Freeway-Free in Trujillo – Local Bad Boys Make Good
Trujillo in Extremadura is the hometown of Francisco Pizarro, the Conquistador who accompanied Balboa on his discovery of the Pacific Ocean, then overthrew the Inca monarchy, and was himself murdered by one of his own mutinous fellow- adventurers. My fellow-traveller W learned most of this history from the Peruvian point of view, which substitutes “betrayed” for “overthrew”, “plunderer” for “adventurer” etc. So I got a lot of colorful running commentary to accompany the information provided by the local tourist office.
Fernando and his brothers were rapscallions to the core, and their fellow Trujillanos breathed sighs of relief when they shipped off to the New World in emulation of Cortez. Imagine their dismay when the black sheep returned with piles of Inca gold and an Incan princess under each arm. Most of the Pizarros eventually died ingloriously in the New World, but not before bringing home a lot of plunder. Some of this was donated to the local church in the form of gold and silver reliquaries and altar pieces in an attempt to buy off the damnation they surely deserved.

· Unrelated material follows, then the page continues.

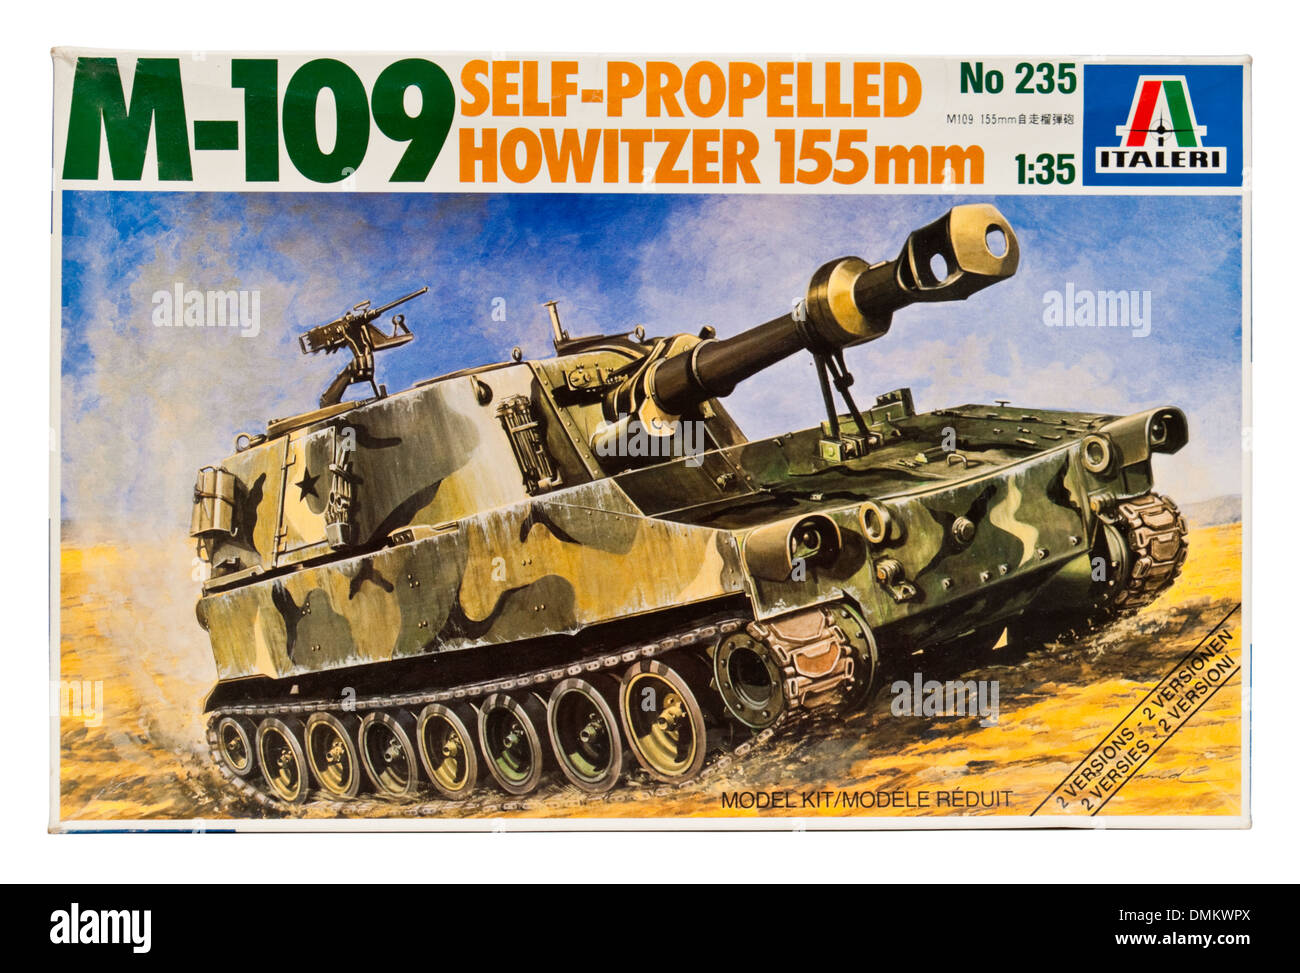 M-109 Self-Propelled Howitzer 155mm tank (Italeri No 235 model kit, 1:35 scale) Stock Photo

The survivor, Hernando, probably escaped death only because during his volatile twenties and thirties he was already serving time in prison for murder. On release he married his brother Fernando’s daughter by the Incan princess whose brother Fernando had betrayed and burned at the stake. The couple corralled the Pizarro fortune and spent it in the old home town on building a lavish public plaza and a huge mansion decorated with bas-reliefs of themselves. and their families . In your face, Trujillo!
The huge statue of Fernando Pizarro on horseback in the public plaza is actually an impostor. The statue was originally commissioned by the Government of France as a statue of Hernando Cortez to be presented as a gift to the Government of Mexico. The French were embarrassed to discover that Mexicans didn’t appreciate being conquered by Cortez and wanted no part of a statue honoring him. Being both thrifty and resourceful, the French renamed the statue as Fernando Pizarro and sent it to Spain , where Pizarro is warmly remembered despite his wayward youth and unsavory exploits in the New World.
Trujillo’s old Castillo, originally a Moorish fortification, is positioned on the top of the highest hill with its medieval walls either intact or restored. We walked the entire battlement with some back-tracing and could see for miles across the country. I understand why the Spanish from this region felt at home in their New World colonies – the green foothills with their rocky protrusions look quite similar to the Sierra foothills of California in spring, even to the serpentine color of the rocks.
Trujillo is small and walkable and only a 45 minute bus ride from Caceres, so it makes for a perfect day trip with plenty of time for a siesta before venturing out for tapas in the evening.